FIG. 7 illustrates how sensing images of a plurality of consecutive frames (three frames in an example illustrated in FIG. 7 ) are input to a DNN 701 in time series to detect an object (“vehicle”) and position information in the sensing images in the detection unit 302. Deep learning of the DNN 701 may be performed so as to detect an object from a plurality of consecutive frames. Of course, learning of the DNN 701 may be performed so as to detect an object from one frame.
Then, the detection unit 302 outputs a class (“vehicle”, “pedestrian”, “guardrail”, “street tree”, “sign”, . . . , or the like) of an object included in a sensing image and position information on an image frame of the object detected using such a DNN to, for example, the action planning unit 62 and the operation control unit 63. The action planning unit 62 and the operation control unit 63 can perform the vehicle such as emergency braking and collision avoidance on the basis of a preceding vehicle detected by the detection unit 302 and its position information.
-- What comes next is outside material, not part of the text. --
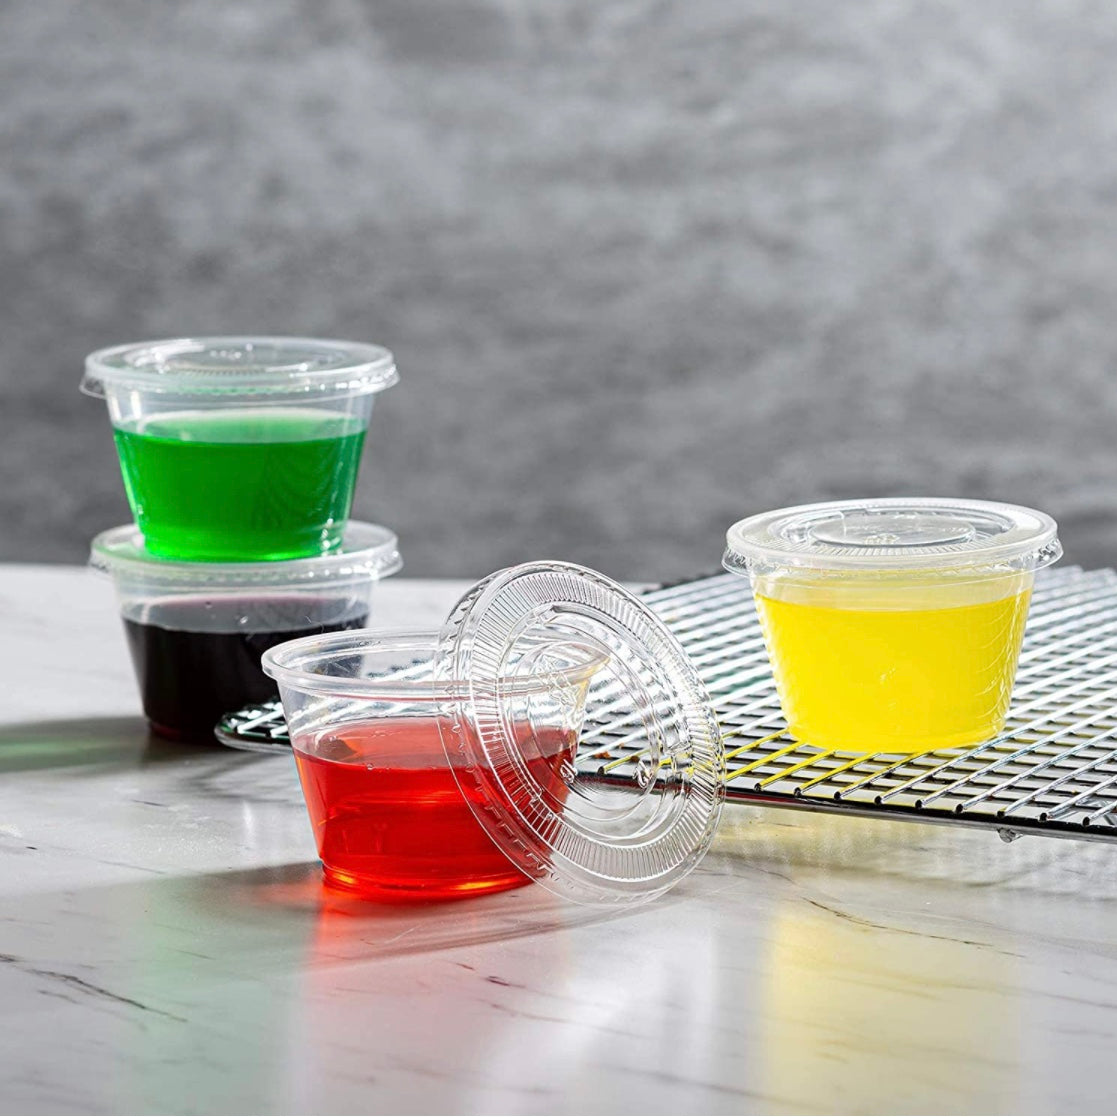 Clear Jello Shot Cups With Lids, Plastic Portion Cups / Condiment

Furthermore, the HMI 31 may display information regarding an object detected by the detection unit 302 on a head-up display or a monitor screen indicating a situation around the vehicle 1.
For example, in a case where the front side of the vehicle 1 is captured by the camera 51 under an environment such as nighttime or dense fog, it is difficult to detect an object such as a preceding vehicle from a camera image. On the other hand, since the radar 52 originally has high object detection performance even at nighttime or in bad weather, it is easy to detect an object that is difficult to detect from the camera image if a sensing image generated on the basis of sensor data of the radar 52 is used. Referring to FIG. 8 , it is difficult to visually recognize the preceding vehicle from the camera image due to dense fog, and thus, it is expected that it is difficult to detect the preceding vehicle even if the camera image is input to an object detector. Furthermore, FIG. 9 illustrates a sensing image generated by the generation unit 301 from sensor data acquired by the radar 52 at the same timing as in FIG. 8 . With the radar 52, it is possible to capture an object in the field of view without being affected by weather and brightness. Referring to FIG. 9 , an area 901 corresponding to the preceding vehicle is expressed by a different pixel value from a peripheral area due to a speed difference without being affected by fog or rain, it can be expected that the preceding vehicle can be detected with high accuracy from the sensing image using the DNN. As illustrated in FIG. 10 , a box 1001 indicating the preceding vehicle detected by the detection unit 302 may be displayed on a head-up display or a monitor screen in an environment such as nighttime or dense fog to warn a driver.
Note that processing for detecting an object from a sensing image in the detection unit 302 may be performed in any module of the external recognition sensor 25 or the recognition unit 73.

D-2. Modified Examples

In this Section D-2, modified examples for mainly improving sensing image recognition performance will be described.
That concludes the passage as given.